Comparison of the accuracy/precision among guided (static), manual, and dynamic navigation in dental implant surgery: a systematic review and meta-analysis.
Objective: To assess whether dynamic navigation (dCAIS) has greater accuracy/precision and less discrepancy in parallelism compared to guided (static, sCAIS) and free-hand (FH) surgery in Implantology.
Materials and methods: A search was conducted across six databases using specific key terms. Randomized controlled trials (RCTs), retrospective or prospective clinical studies published within the last 10 years (2014-2024) were included. Risk of bias was assessed using the Joanna Briggs Institute Critical Appraisal tool. A meta-analysis using a random-effects model was employed. The heterogeneity analysis was conducted using Cochran's Q-test and Higgins' I2 statistic.
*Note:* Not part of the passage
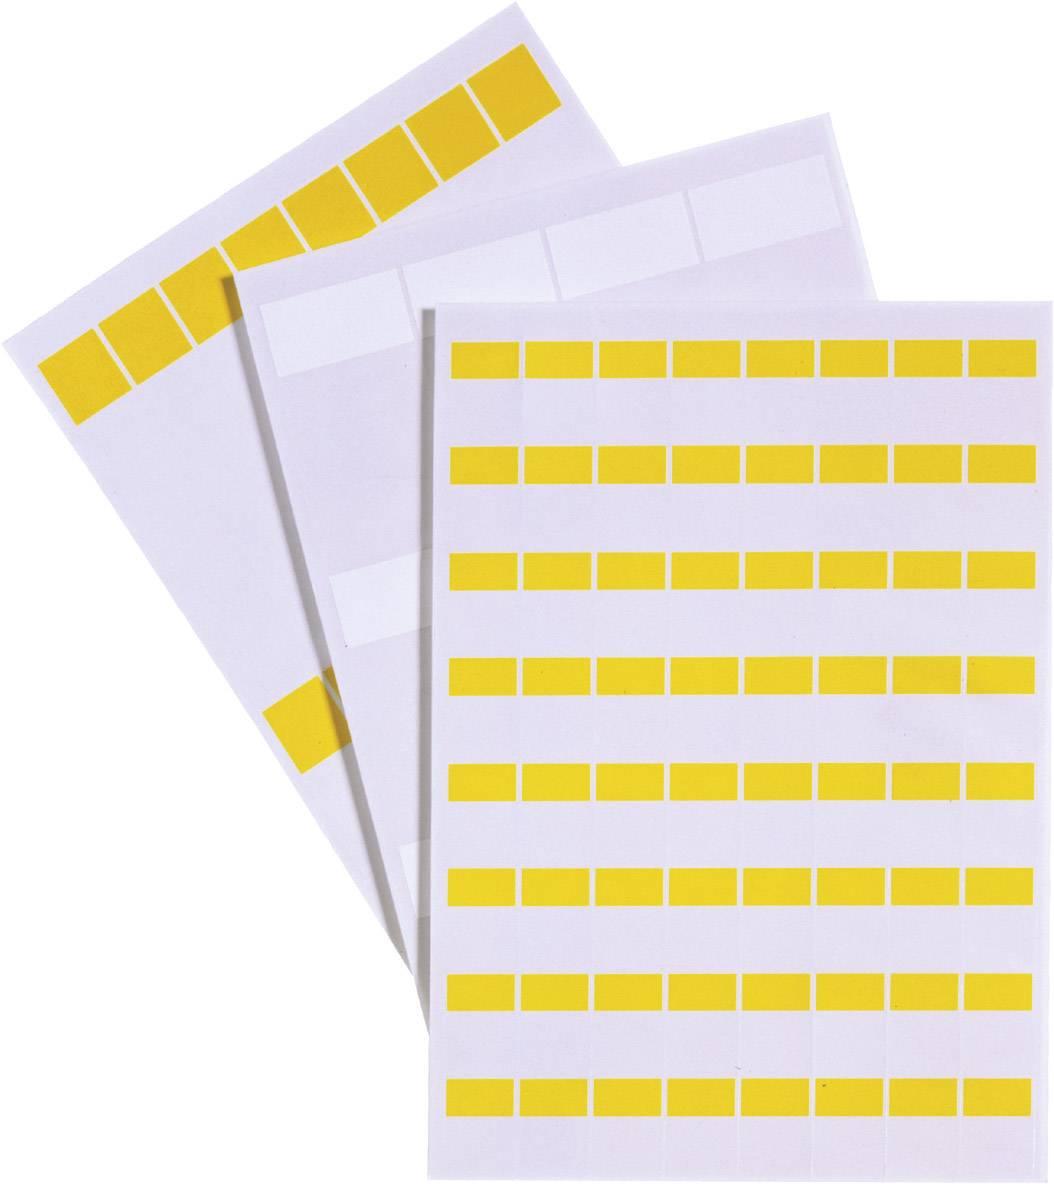 Etikety LappKabel LCK-40 WH (83256147), bílá

Results: Thirteen articles were included. A total of 554 patients and 687 implants were enrolled, with 215 using the FH system, 195 using sCAIS, and 277 using dCAIS. The meta-analysis compared the following: (1) dCAIS vs. sCAIS; (2) dCAIS vs. FH; (3) sCAIS vs. FH. The first group had a mean difference of -0.08 mm, with a substantial heterogeneity (I² = 52%) and no statistically significant difference (p = 0.08); the second presented a mean difference of -0.48 mm, high heterogeneity (I²=89%), and a statistically significant better accuracy for dCAIS than FH (p < 0.01); the last comparison found a mean difference of -0.62 mm, with a considerable heterogeneity (I²=84%), and sCAIS showing statistically significantly better accuracy than the FH approach (p < 0.01).
Conclusions: Using CAIS (dCAIS or sCAIS) substantially improved accuracy compared to the FH approach, with no statistically significant difference between dCAIS and sCAIS.
Clinical relevance: The findings support the use of CAIS for improved implant accuracy and precision compared to FH techniques.